Full text search for pinboard.in pins
You should have docker and docker-compose installed. We built using python 3, but things may work on previous versions. You should be using virtualenv anyway.
To install scrapy python project dependencies:
$ pip install -r requirements.txt
$ scrapy crawl --logfile=data/spider.log --loglevel=INFO -o data/data.json -t json -a user=[PINBOARD_USERNAME] -a after=[NUMBER] pinboard
Where PINBOARD_USERNAME is the user name you are registered and NUMBER is from which timestamp you want to fetch pinboard links (use 1 to start from oldest).
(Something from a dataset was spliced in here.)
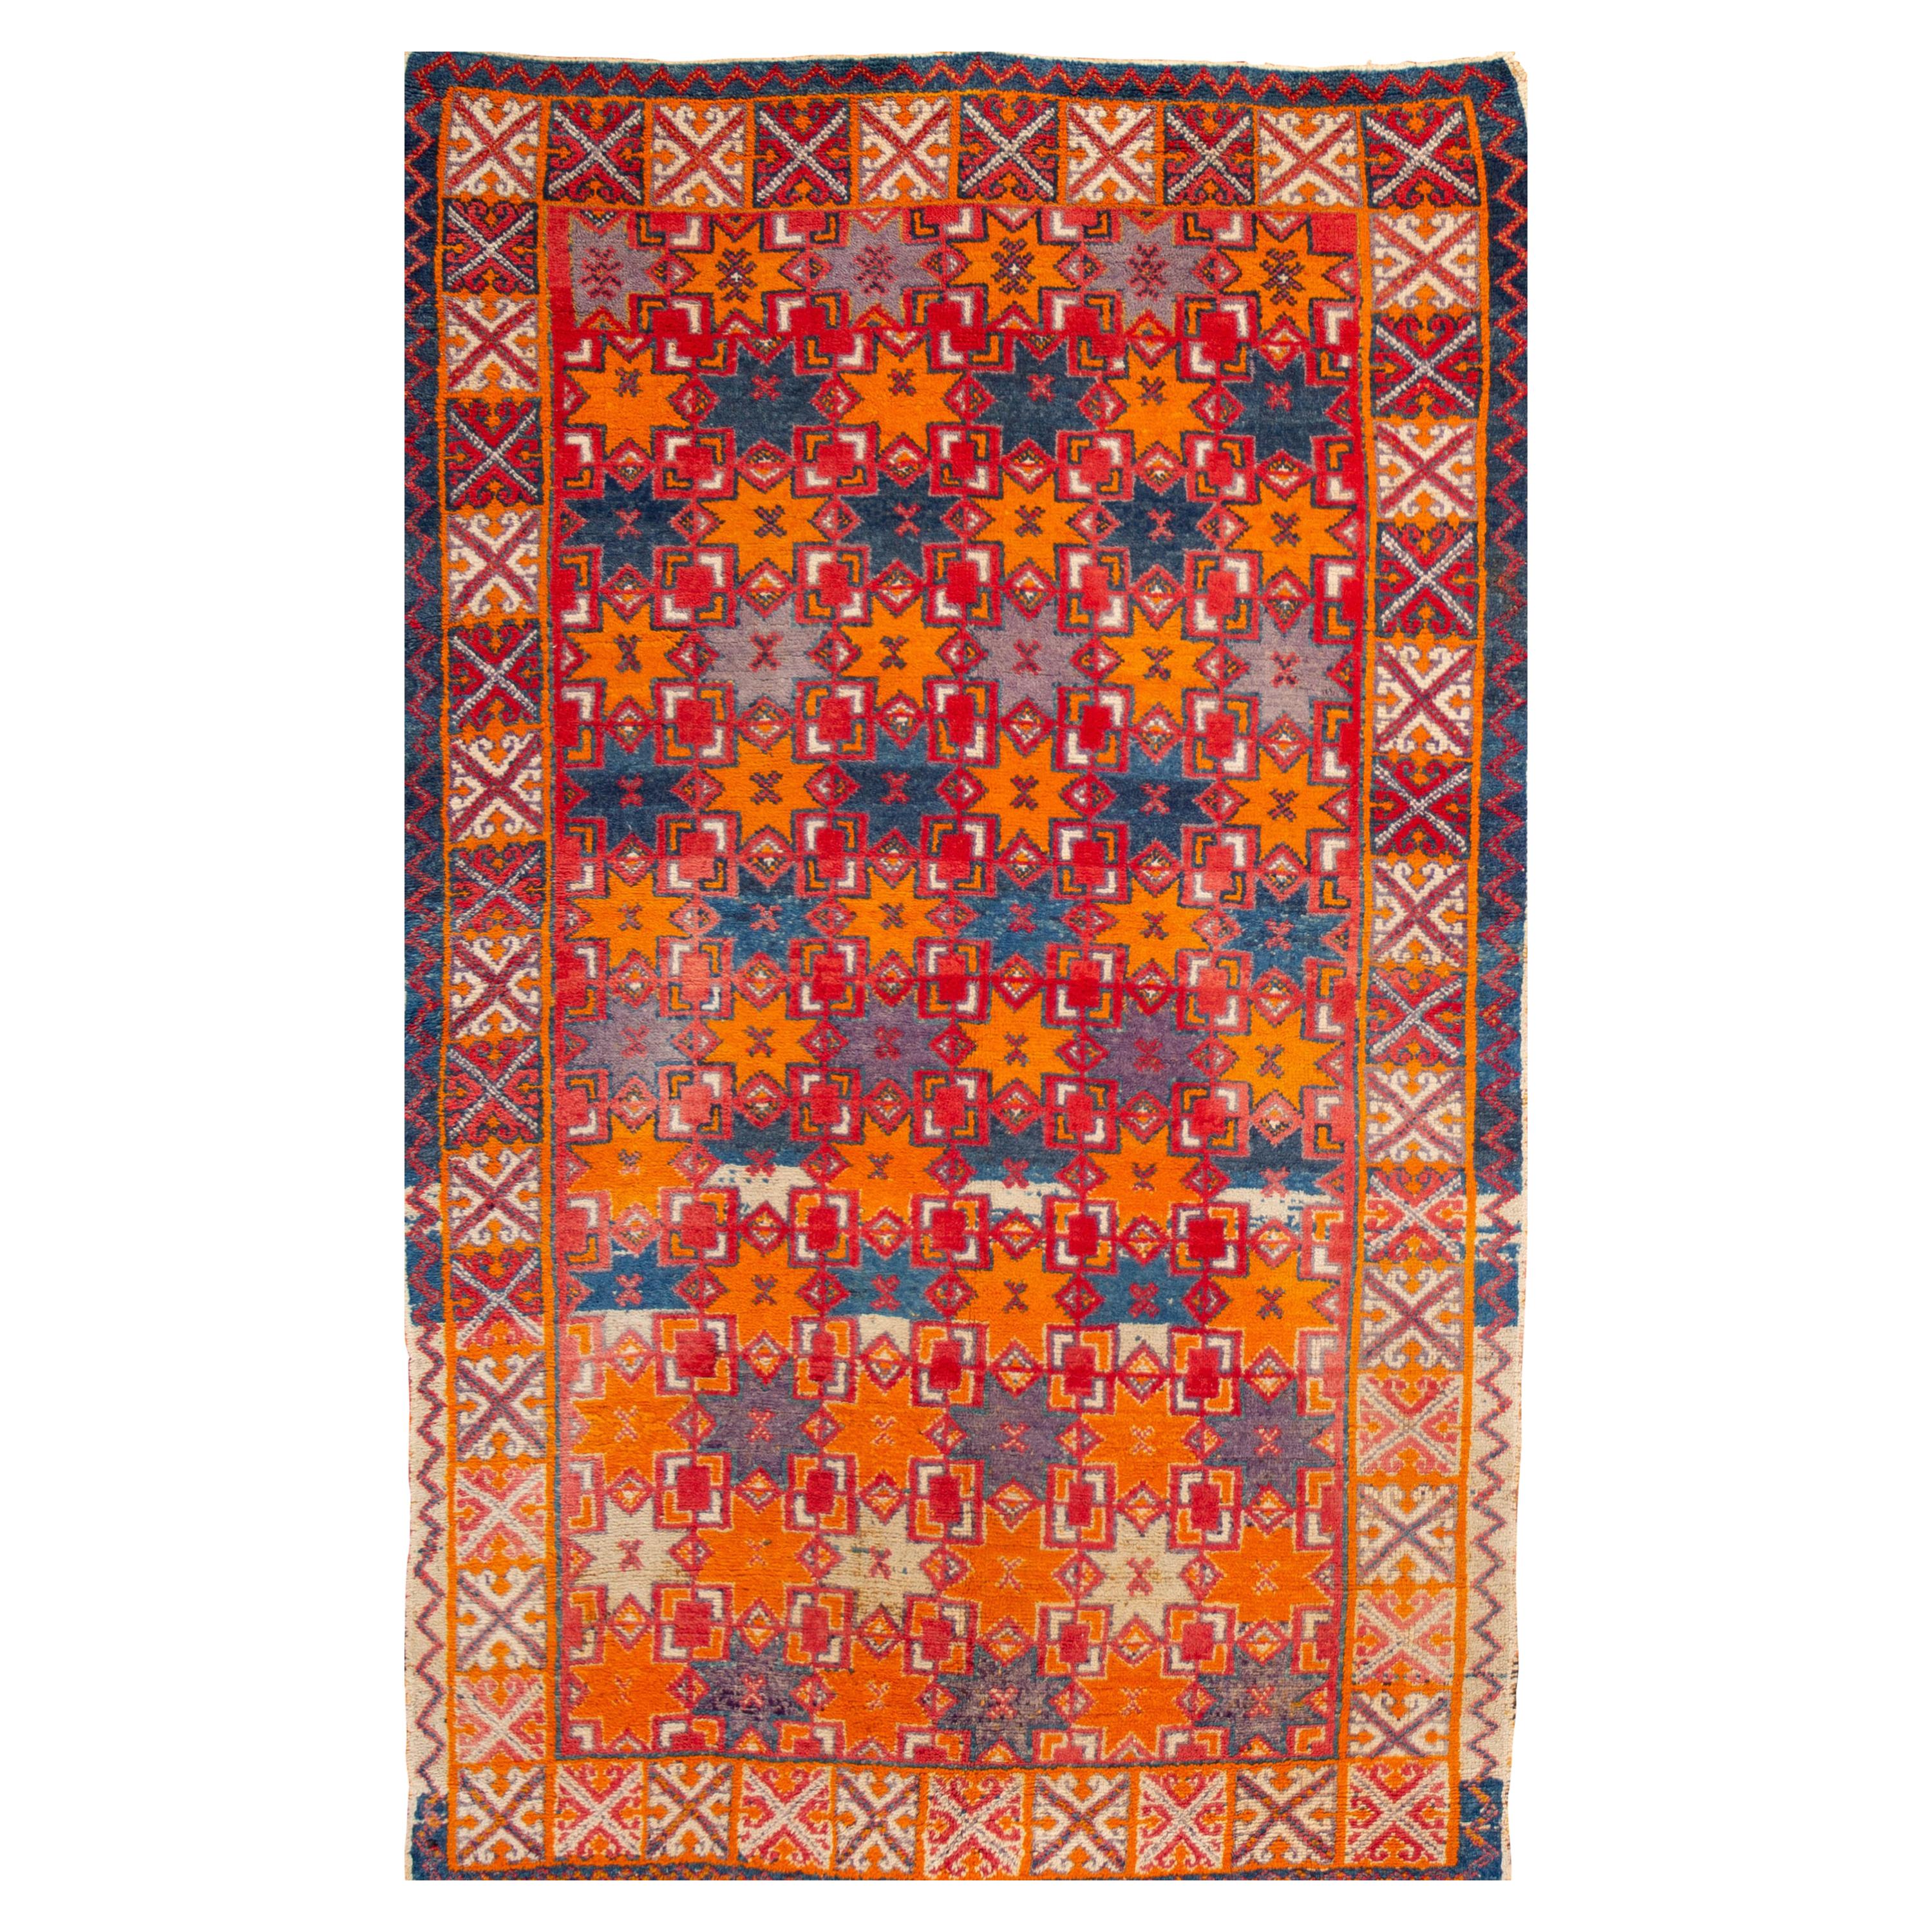 Marokkanischer Vintage-Teppich aus der Mitte des 20

After scraping data and adding it to data folder, start solr container with:
$ docker-compose up -d
Solr will start and precreate a core named 'pinboard' as default.
Also ./data
folder will be available inside the container at /var/data
folder.
If you want to explore the container, login with:
$ docker exec -ti pinboogle_solr_1 /bin/bash
You can also access the admin site at http://{DOCKER_HOST}:8983/solr
With Solr container running, use the following command to create all the fields needed for Pinboard json we got from scraping task:
$ docker exec -ti pinboogle_solr_1 /var/data/schema_migration.sh
And the next command to import the json file:
$ docker exec -it --user=solr pinboogle_solr_1 bin/post -c pinboard /var/data/[JSON_FILE]
Search interface is implemented with Flask and it's located on ./web
folder.
When you run docker-compose up you will see that another container will be built. To access it, go to your browser at:
http://{DOCKER_HOST}:5000
Everything that you change on web
folder will be reflected on container, if you change or add any dependency, rebuild the container with:
$ docker-compose down
$ docker-compose up -d --build
We built this to play with scrapy, solr, python and docker. Pinboard has a paid subscription if you want to have full text search on your links, if you want high quality results, subscribe to it.